- Original box art for the PC-9801 Japanese release of Elle.

エル (él)
- Developer: ELF Corporation
- Publisher: ELF Corporation DMM Games (Digital)
- Genre: Eroge, role-playing video game
- Platform: Microsoft Windows
- Released: 1991-06-13 (MSX2, PC98, X68000, TOWNS) 2000-09-29 (Win95) 2017-06-23 (Digital)
- Directed by: Katsuma Kanazawa
- Produced by: Osamu Koshinaka; Taro Miyabi; Akio Sakai;
- Written by: Katsuma Kanazawa
- Studio: Green Bunny, Arms
- Licensed by: NA: NuTech (former) Kitty Media;
- Released: April 25, 2001 – July 25, 2001
- Episodes: 2

= Él (video game) =

Japanese adult visual novel

Elle, also known as Él (エル, eru), is a Japanese adult visual novel developed by ELF Corporation which was originally released on June 13, 1991. A remake produced by ELF Corporation retitled Él was released on September 29, 2000. Green Bunny produced an anime original video animation titled Él which was released in two volumes in 2001. The series depicts the survivors of a nuclear war that are gathered in a single, tightly monitored city.

== Plot ==
In December 1999, a nuclear war devastates the Earth and renders most of the world inhospitable. To ensure the survival of humanity the "Megaroasu plan" is carried out, but a terrorist organization called the Black Widow attacks and tries to disrupt the plan. The story takes place in 2008. The player takes the role of an unnamed Hero with an unknown past who is an expert marksman. The heroine is El Miles, and includes an ensemble of minor characters to advance the plot. The game is a simple click adventure with only one ending as with many games of the genre.

For the 2000 remake, the story was the same with the exception of the setting being refocused to 2030. The graphics were updated and included three-dimensional computer graphics. The script was dubbed by a cast of professional voice actors, but the cast credits were private and not released.

== OVA plot ==
After a nuclear war triggered by environmental pollution, a group of survivors start the Megaro Earth Project, a city built under a dome to protect the last fragments of humanity.

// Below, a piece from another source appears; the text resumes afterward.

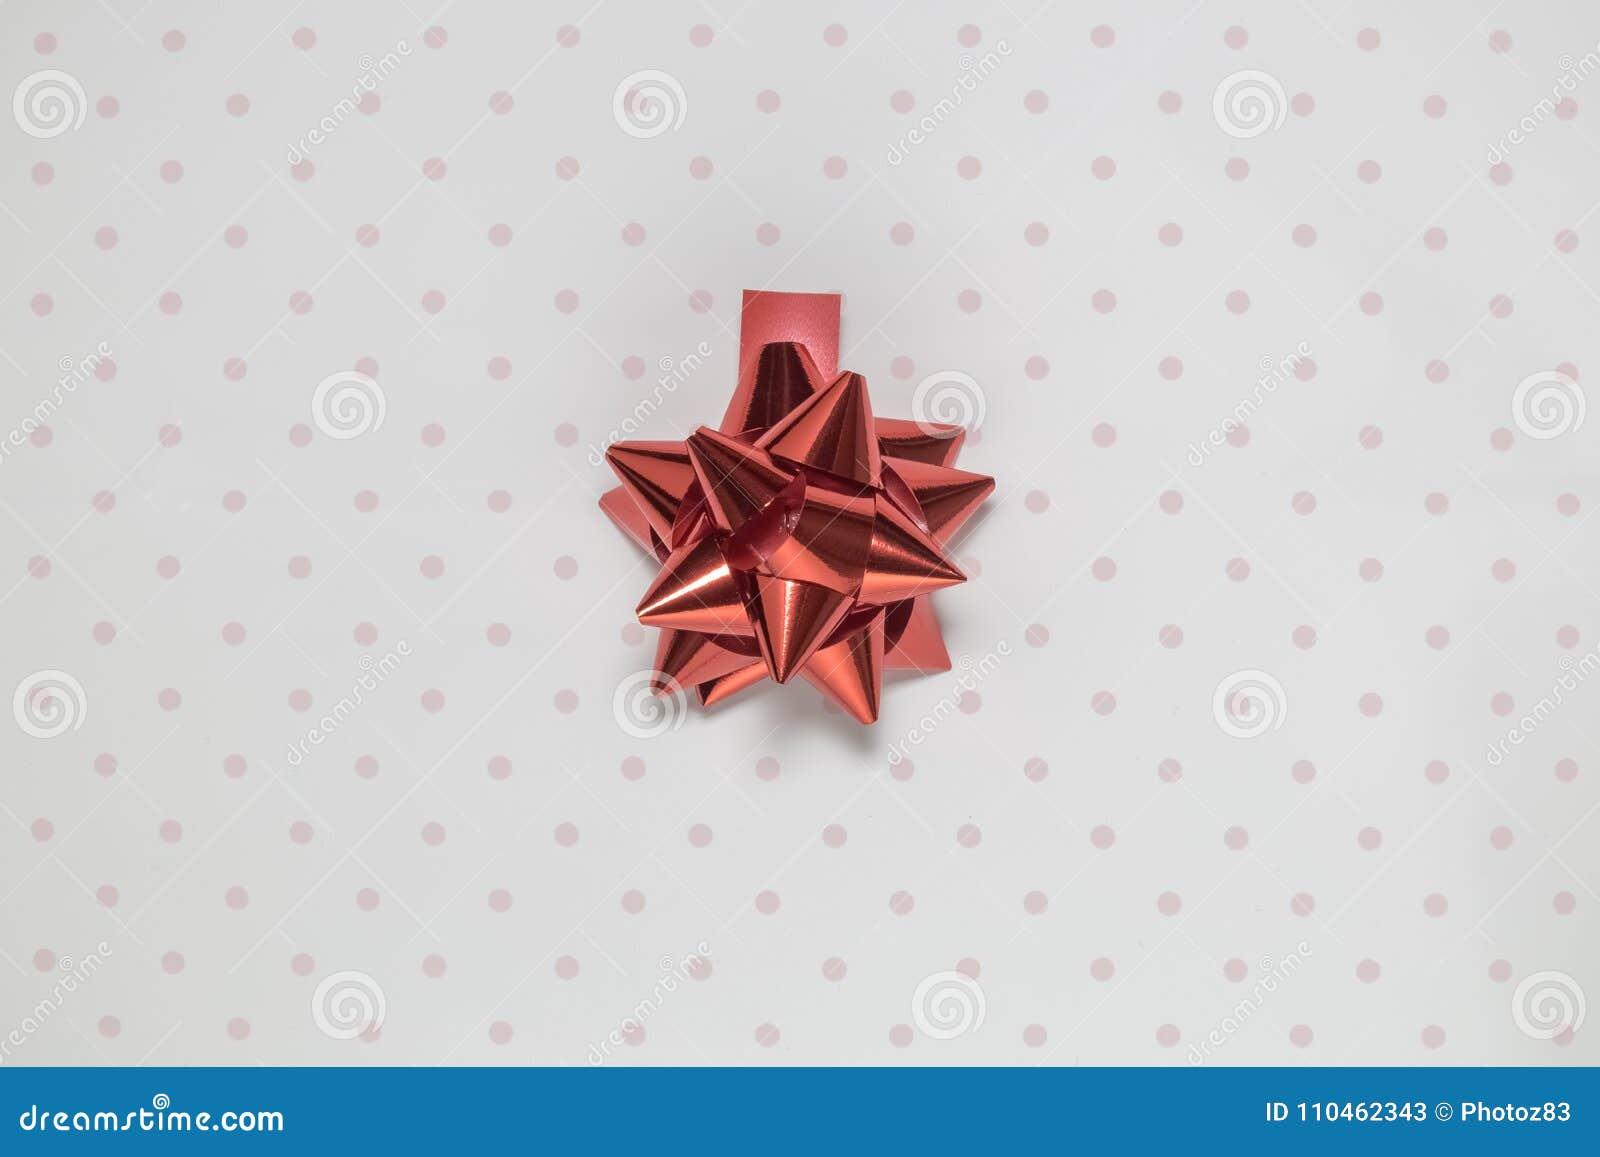 Röd beståndsdel för pilbågebanddekor som isoleras på polkaslättrosa färger och vitbakgrund

El Miles is a "sniper" – a policewoman defending the city against the terrorist organization Black Widow. El has been placed in charge of protecting Parsley, a pop singer nearly raped by Black Widow operatives. The singer then finds herself falling in love with El, and attempts to seduces her. El discovers that some of her fellow snipers are becoming Black Widow operatives, and she is constantly tormented not only by their leader Gimmick, but also by unusual blackouts and of unexplained visions of another reality. At the end of the second episode, the whole world El Miles lived in was actually just a 'created dream' and only El and a man named Joe are the last of humanity which was disrupted by Parsley.

== Releases ==
The first release, titled Elle was originally released on June 13, 1991. A remake produced by ELF Corporation retitled Él was released on September 29, 2000. The original release was on PC-9801, the software was on four 5" 2HD floppy disks. The remake was released for Windows 95, 98, Me, 2000, and XP on CD.

Green Bunny produced an anime original video animation titled Él which was released in two volumes in 2001. Nutech Digital acquired the rights to the Él OVA in 2001. The English release of the volumes 1 and 2, and the box set would follow in January 2002, featuring an English dub which included the voice talents of adult actresses Shelbee Myne and Lola.

OVA credits include:
- Kazuma Kanezawa: Director, Screenwriter
- Masaki Kawai: Original Character Design
- Takeo Takahashi: Art Director, Storyboard, Character Designer, Supervision
- Yukio Segami: Character Designer, Animation Director
- ARMS and Green Bunny: Production.

==Reception==
Chris Beveridge	reviewed both English localizations of the series. The Nutech Digital release was originally reviewed in 2002 and was positive, noting the strong visuals with only a few seconds of cross coloration on the second episode. The Kitty Media release was also reviewed favorably, among its differences from the Nutech Digital release was redubbing the work for release. The strong points of the OVA were its writing and execution of the surprise ending, but the large cast of characters resulted in poor development of secondary characters. The visuals from the original release do not hold up when compared to newer works in the 2007 review because of the increasing industry standards.